There is a wide-ranging number of speakers and presenters on this year’s agenda, including Gov. Ned Lamont, Department of Economic and Community Development Commissioner David Lehman, and executives from The Carlyle Group.

Representatives from several local firms will also be on stage, including Mohamed El-Erian, senior adviser at Greenwich’s Gramercy Funds Management; Paul Tudor Jones, founder of Stamford’s Tudor Investment Management Corp.; and Ray Dalio, founder, co-CIO and co-chairman of Westport’s Bridgewater Associates.

The latter was instrumental in getting the forum off the ground, Aiello said. “Bruce McGuire (forum co-founder and president of the Connecticut Hedge Fund Association) had run some investment conferences in the past a number of years ago that had gone very well,” he said. “We thought it might not be a bad idea to put on an event here with a higher profile.”

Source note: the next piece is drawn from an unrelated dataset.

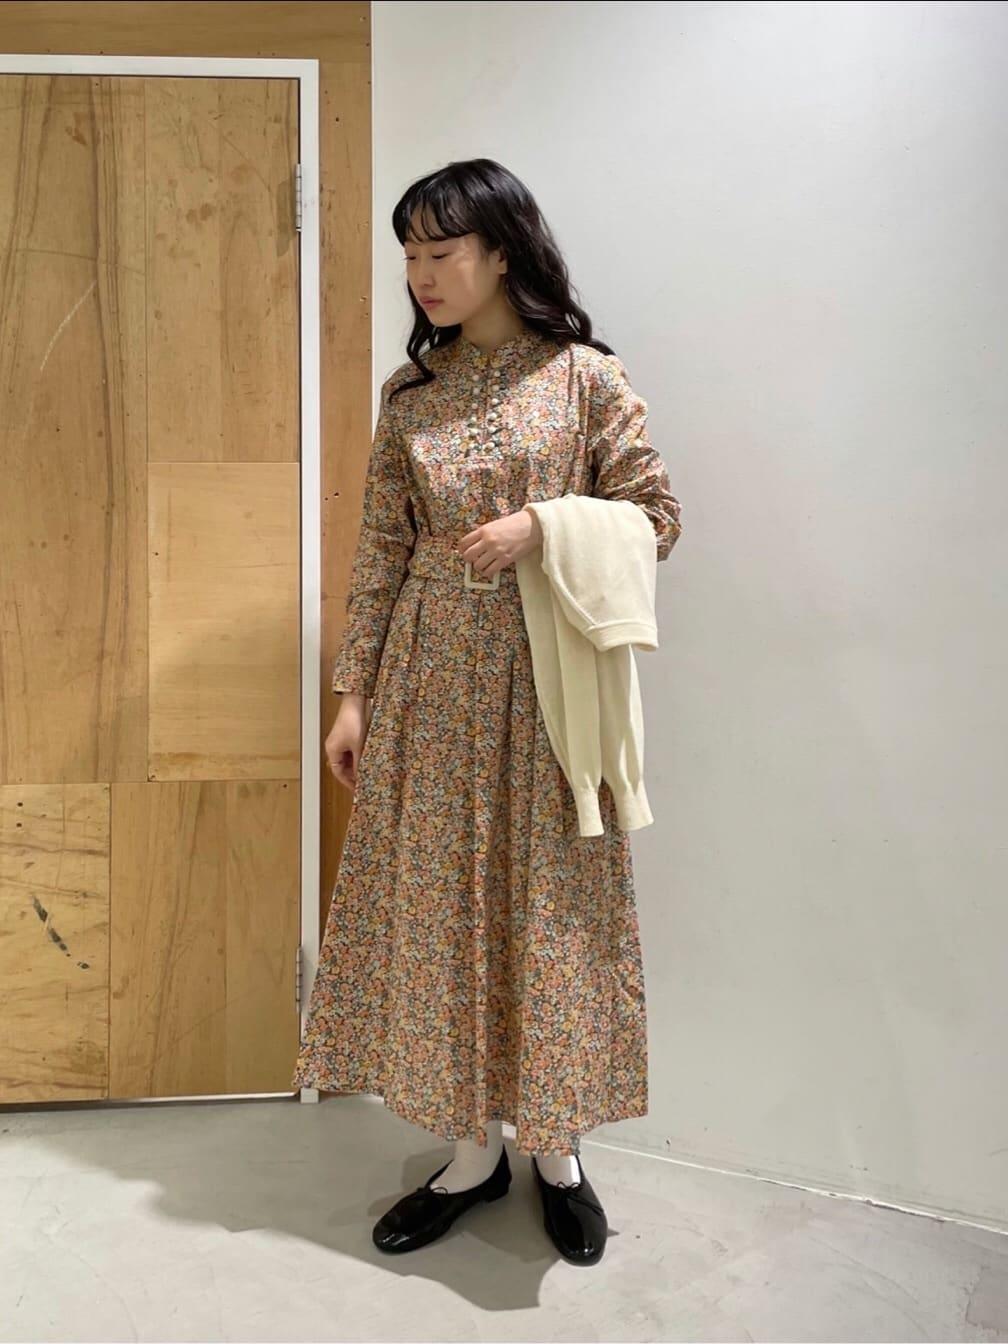 l'atelier du savon 新宿ミロード 身長:153cm 2021.08.27

At an exploratory meeting, Greenwich First Selectman Peter Tesei “who has a good relationship with Ray Dalio said, ‘Why not run this past Ray and see what he thinks?’”

Dalio leapt at the idea, Aiello said, agreeing to being a featured speaker at both last year’s and this year’s GEF.

That first edition drew about 360 people, and Aiello expects 400 to 420 this year, “which is really the maximum that the hotel can hold.” Only by enclosing the Delamar’s patio on the water – “we’ll have a heated tent,” Aiello promised – could the additional attendees be accommodated.

The driving idea behind the forum is “to help the institutional investor prosper,” he said. “There are a lot of other conferences out there that are very, very good, but they tend to have more of a B2B or entertainment-oriented approach. Ours is a more serious, thought-provoking conference designed to start a lot of dialog.”

Topics include investing cycles, emerging markets, cryptocurrency, health care and credit, along with the current situation, and investment opportunities, in China, “which is on everyone’s mind these days,” Aiello said. Presenters on the latter topic include executives from Guotai Junan Futures, China Industrial Securities and the Asset Management Association of China.

In fact, Aiello said, the forum has “some great connections with China. We are very seriously considering doing a conference in Shanghai.”

The organization is also spinning off mini-forums of about 100 people designed to drill down on such topics as China and credit; Aiello said additional ones on cryptocurrency and private equity are under discussion.

He also indicated that plans are already being drawn up for a third conference in Greenwich.